When seeking to understand these terms there are  a number of major problems and as Greenland, et al. (2016) state: ‘There are no interpretations of these concepts, which are at once simple, intuitive, correct, and foolproof’ (p337). Greenland et al go onto illustrate their point by providing twenty-five examples of common misconceptions and interpretation of these terms, which even professional academics are prone.   Nevertheless, the American Statistical Association seek to informally  define a p-value as: the probability under a specified statistical model that a statistical summary of the data (e.g., the sample mean difference between two compared groups) would be equal to or more extreme than its observed value.

The smaller the p value, the more unlikely are our results if the null hypothesis (and test assumptions) hold true.   Whereas, the larger the p value, the less surprising are our results, given the null hypothesis and (test assumptions) hold true.  In other words, as Greenland et al state: ‘The P value simply indicates the degree to which the data conform to the pattern predicted by the test hypothesis and all the other assumptions used in the test (the underlying statistical model). Thus P =  0.01 would indicate that the data are not very close to what the statistical model (including the null hypothesis) predicted they should be, while P =  0.40 would indicate that the data are much closer to the model prediction, allowing for chance variation’. p340

Statistical Significance

Put very simply a result is often deemed to be statistically significant if the p value is less than or equal to 0.05, although the level of statistical significance can be set lower levels, for example, p is less than or equal 0.01  

Interpreting p values and statistical significance – guidance from the American Statistical Association

Given difficulties in interpreting p values and statistical significance the American Statistical Association  - Wasserstein and Lazar (2016) – have provided some guidance on how to avoid some common mistakes.  This guidance is summarised in six principles
  • P-values can indicate how incompatible the data are with a specified statistical model.
  • P-values do not measure the probability that the studied hypothesis is true, or the probability that the data were produced by random chance alone. 
  • Scientific conclusions and business or policy decisions should not be based only on whether a p-value passes a specific threshold. 
  • Proper inference requires full reporting and transparency
  • A p-value, or statistical significance, does not measure the size of an effect or the importance of a result.
  • By itself, a p-value does not provide a good measure of evidence regarding a model or hypothesis. 
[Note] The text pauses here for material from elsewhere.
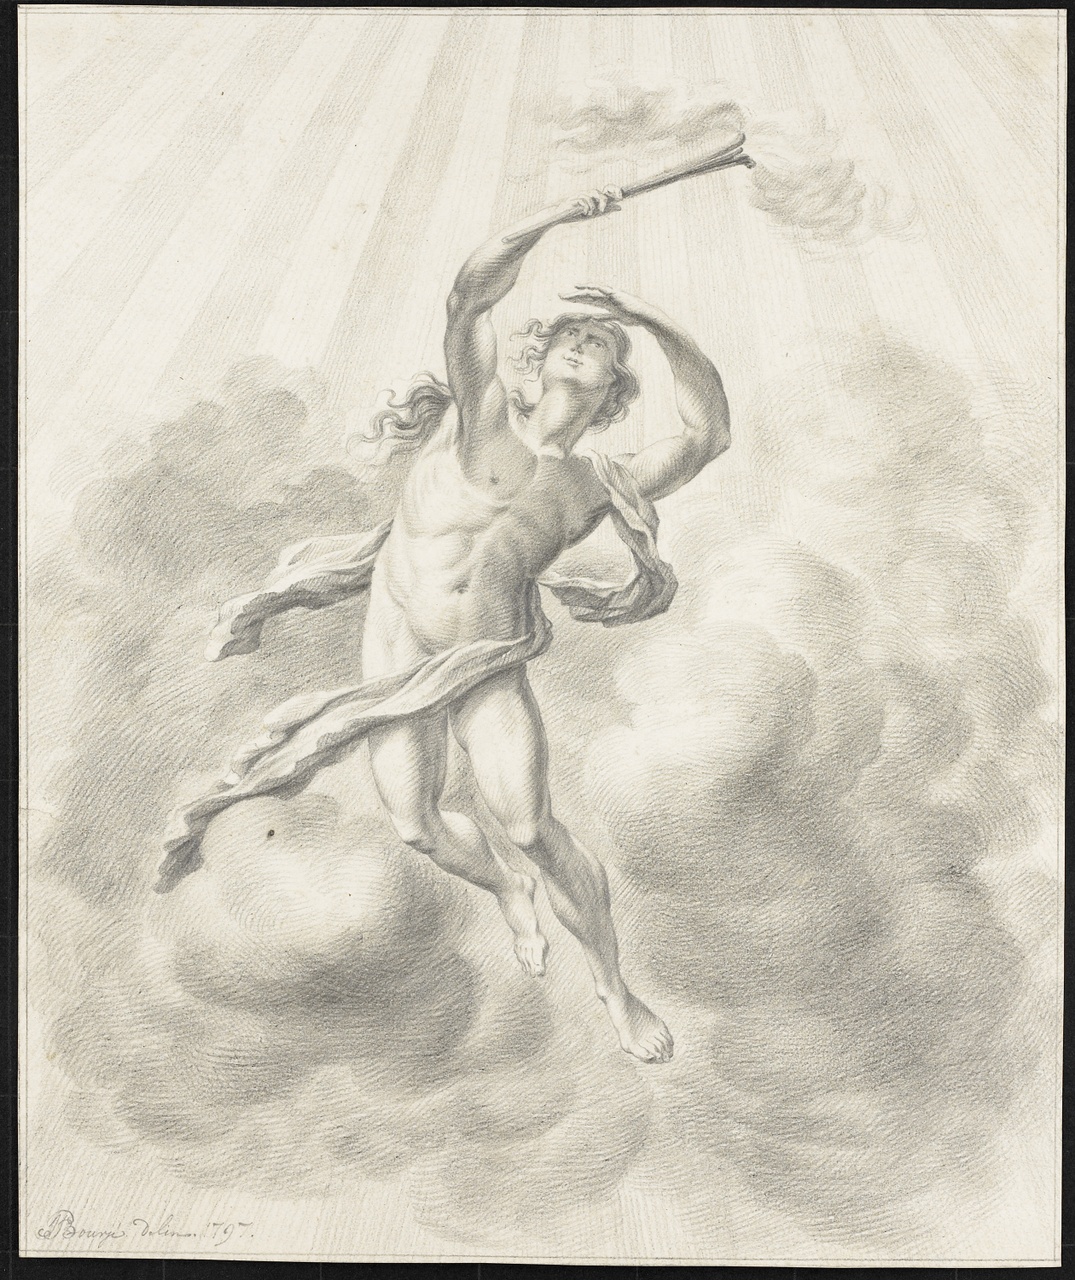 Man met toorts in wolkenlucht met stralen, Johan Pieter Bourjé
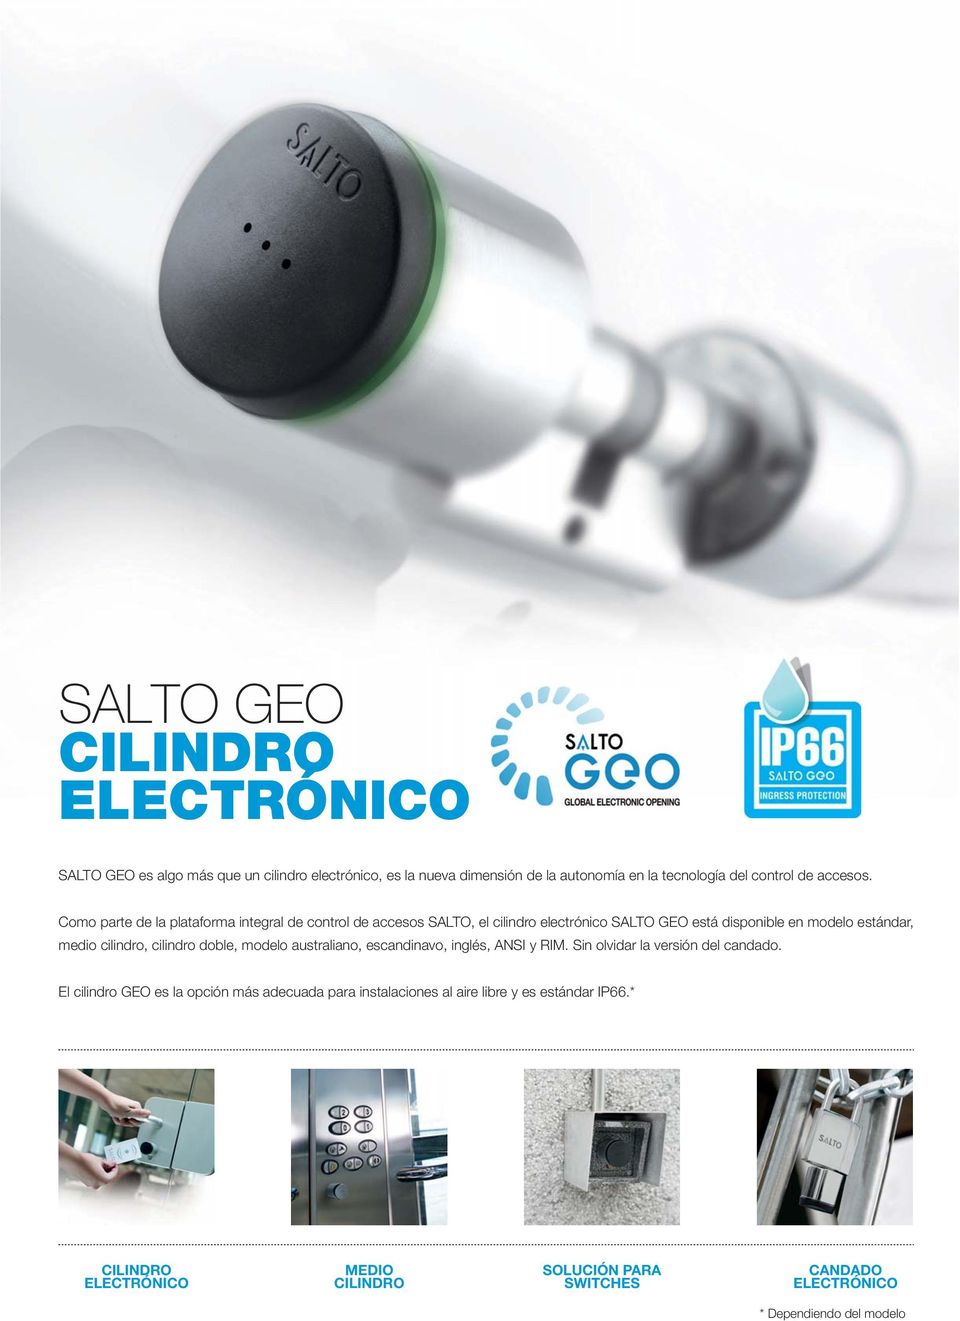 Como parte de la plataforma integral de control de accesos SALTO, el cilindro electrónico SALTO GEO está disponible en modelo estándar, medio cilindro,

Some common misinterpretations – Churches, Dommett, Firth and Ashman

I will now look at how Churches and Dommett, Firth. and Ashman have - in my view-  all misinterpreted either p-values or statistical significance.  

Richard Churches and Eleanor Dommett - In their book Teacher-Led Research : Designing and implementing randomised controlled trials and other forms of experimental research – t include the following definitions within their glossary of terms

p-value – Probability value – that is the probability that the result may have occurred by chance (e.g p = 0.001 – a 1 in 1000 probability that the result may have happened by chance) Also known as the significance level.

Significance – The probability that a change in score may have occurred by chance. A threshold for significance (alpha) is set at the start of piece of research.  This is never less stringent than 0.05 ….

Unfortunately,  according to the ASA  both of these statements are incorrect. First, the p-value is a measure of the consistency of the results with a particular statistical model – with all the assumptions behind the model being maintained.  Second,  the p-value is not the probability that the data were produced by random chance alone as it also depends on the accuracy of the assumptions underpinning the statistical model  Third, the definition of significance conflates scientific significance, with statistical significance.
   
Jonathan Firth - Firth, J. (2018). The Application of Spacing and Interleaving Approaches in the Classroom Impact. 1. 2.

In a recent edition of Impact, Jonathan Firth uses p-values and statistical significance to the application of spacing an interleaving in the classroom where an opportunity sample of 31 school pupils between 16 and 17 years of age was used.

The mean percentages of correct answers on the end-of-task test for the interleaved and blocked conditions are shown in Figure 4. A between-subjects ANOVA was carried out. This analysis revealed a significant main effect of spacing (performance in the spaced condition being worse than the massed condition, with mean scores of 12.25 vs 9.45, p = .002), while interleaving did not have a significant main effect.  Importantly, there was also a significant (p = .009) interaction between the two variables (spacing vs interleaving), indicating that interleaving had a mediating or protective effect against the difficulties caused by spacing (see Figure 5). 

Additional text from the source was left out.